勤務中に旦那が突然死しました、義母と私が相続人です。
私たち夫婦に子はおらず、夫の父は他界しており、夫の母と私が相続人になるようです。お金のことは夫にまかせており、夫の給料から生活費をもらっていたため、相続財産が把握できていません。また、まだ住宅ローンが残っている夫名義で購入した家がどうなるか不安です。私はパートで働いていますが、扶養控除内に勤務を抑えていたため、自分の収入では住宅ローンを払うことはできません。わたしは何から始めればよいのでしょうか。
金融機関へ団体信用生命保険の適用になるか確認を。
まず一番のご不安でいらっしゃるお住まいのことですが、住宅ローンを支払っている方がお亡くなりになられたら保険金で残りの住宅ローンが支払われる「団体信用生命保険」の適用となるか、借入元の金融機関に確認してください。融資の条件として「団体信用生命保険」加入を求める金融機関がほとんどです。適用の場合は、金融機関のいう通りに書類を整えると、保険会社から直接金融機関に保険金が支払われ、ローンの返済は不要となります。
遺産調査は金融機関へ残高証明書の請求を
次に相続財産ですが、まずはお財布のカードや通帳、郵送物をたよりに口座のありそうな銀行や証券会社を確認します。通帳や残高報告書などがみあたらず、残高がわからない場合は「亡くなった日時点で、資産をどれだけ預かっているか」を証明する残高証明書を請求します。なお、旦那さまが亡くなったことを金融機関に伝えると、口座は凍結されますので、連絡のタイミングはご注意下さい。
義母との遺産分割協議について
財産の一覧表(財産目録)を作成できたら、これをもとに相続人であるお義母さまと遺産分割の話し合いをします。お義母さまから「すべて相談者さまに相続してほしい」というご提示を頂ければよいのですが、そうでない場合は、どのように分割するか決めなければなりません。金融資産は現金化して、法定相続分でわけることが可能ですが問題は家です。
家は、物理的にわけることができないため「共有にする」「売却して現金化する」「相続分を買い取る」のいずれかとなります。
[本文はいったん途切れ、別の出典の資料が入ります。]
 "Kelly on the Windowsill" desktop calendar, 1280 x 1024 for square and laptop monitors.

引き続き、お住まいになりたい希望がある場合は、どの方法にするか、法定相続分を買い取る場合はいくらとするか話し合いをする必要があるでしょう。
遺産をどう分割するか決まったら、その内容をもとに必要に応じて遺産分割協議書を作成して、相続登記や、金融機関の相続手続きを進めます。
10ヶ月の期限のある相続税申告にご注意ください。
突然配偶者を失くした場合、悲しみもより深く、煩雑な相続手続きを進める気力など、なかなかわかないことかと思います。
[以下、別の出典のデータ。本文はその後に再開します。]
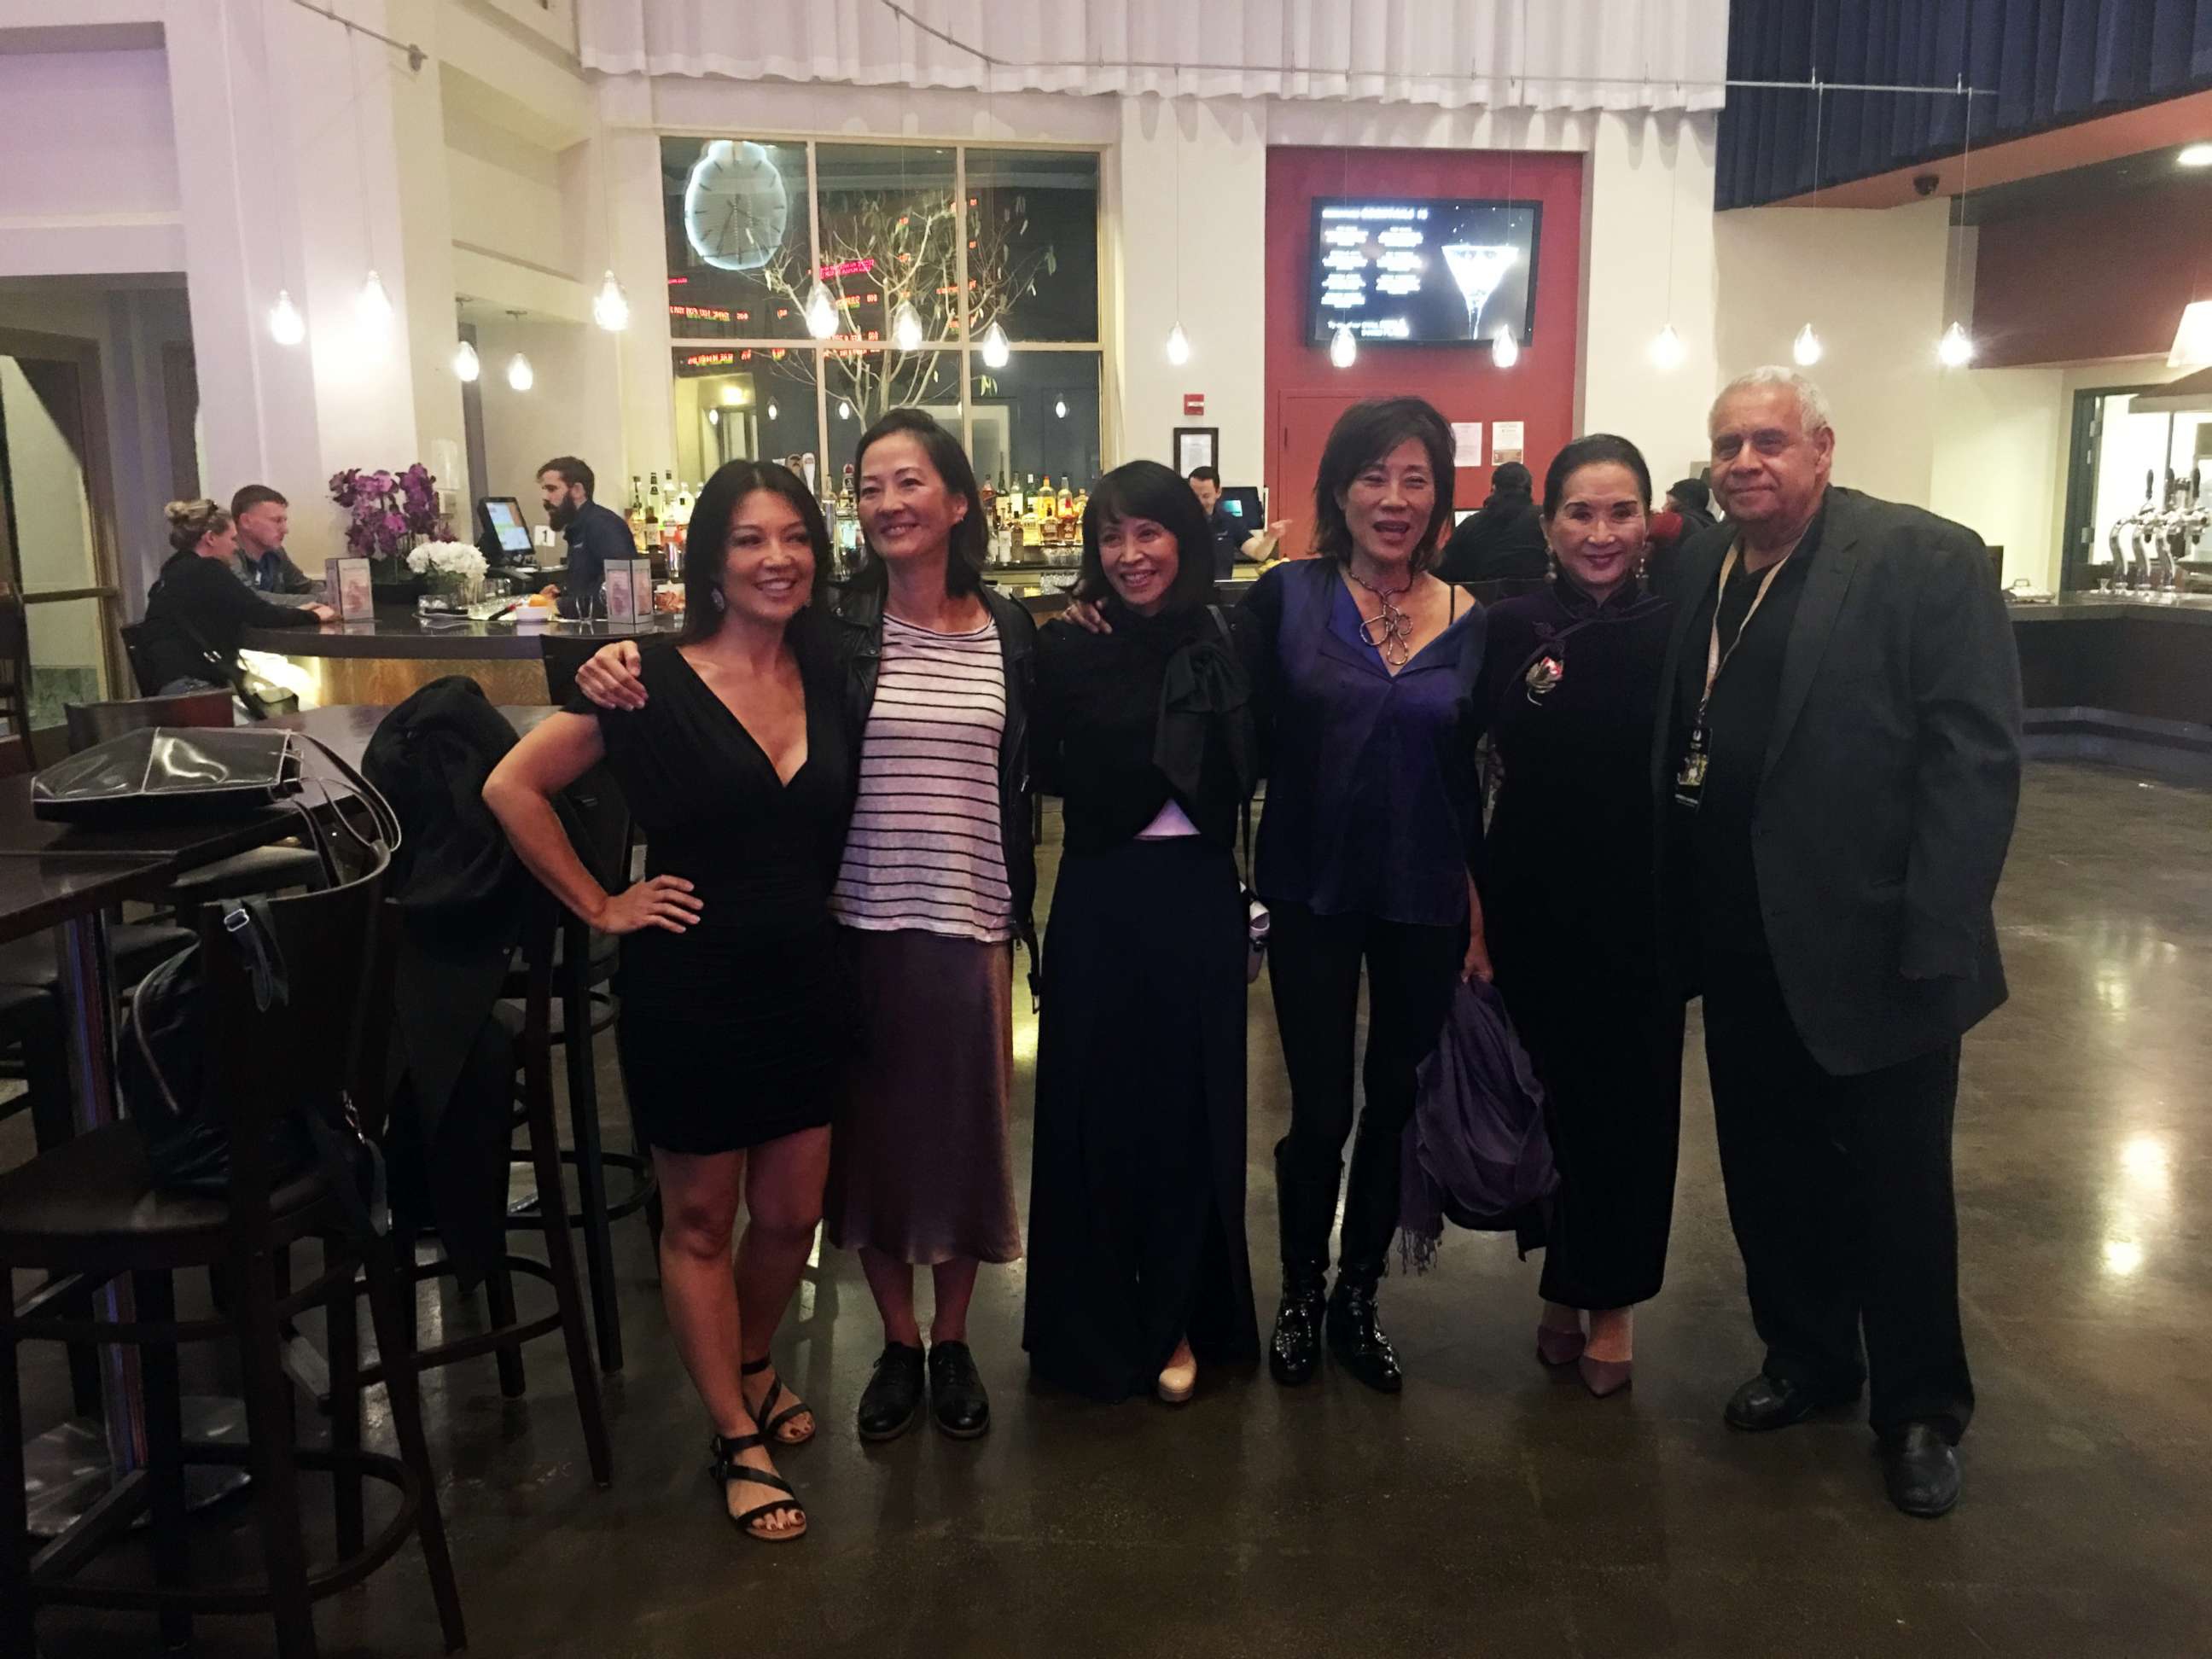 PHOTO: "The Joy Luck Club" stars Tamlyn Tomita, Rosalind Chao, Lauren Tom and Lucille Soong are pictured with the film's executive producer Janet Yang at the Asian World Film Festival in 2017.

相続手続きに期限はありませんが、相続税申告には10ヶ月期限があるため、早めに相続財産の全容は把握したほうがよいでしょう。都市部で持ち家があり、相続人が少ない場合は思いもよらず相続税申告の対象となることがあるからです。ご自身で進めるのが難しいと感じられる場合は、どうぞ身近な相続の専門家である司法書士にご相談下さい。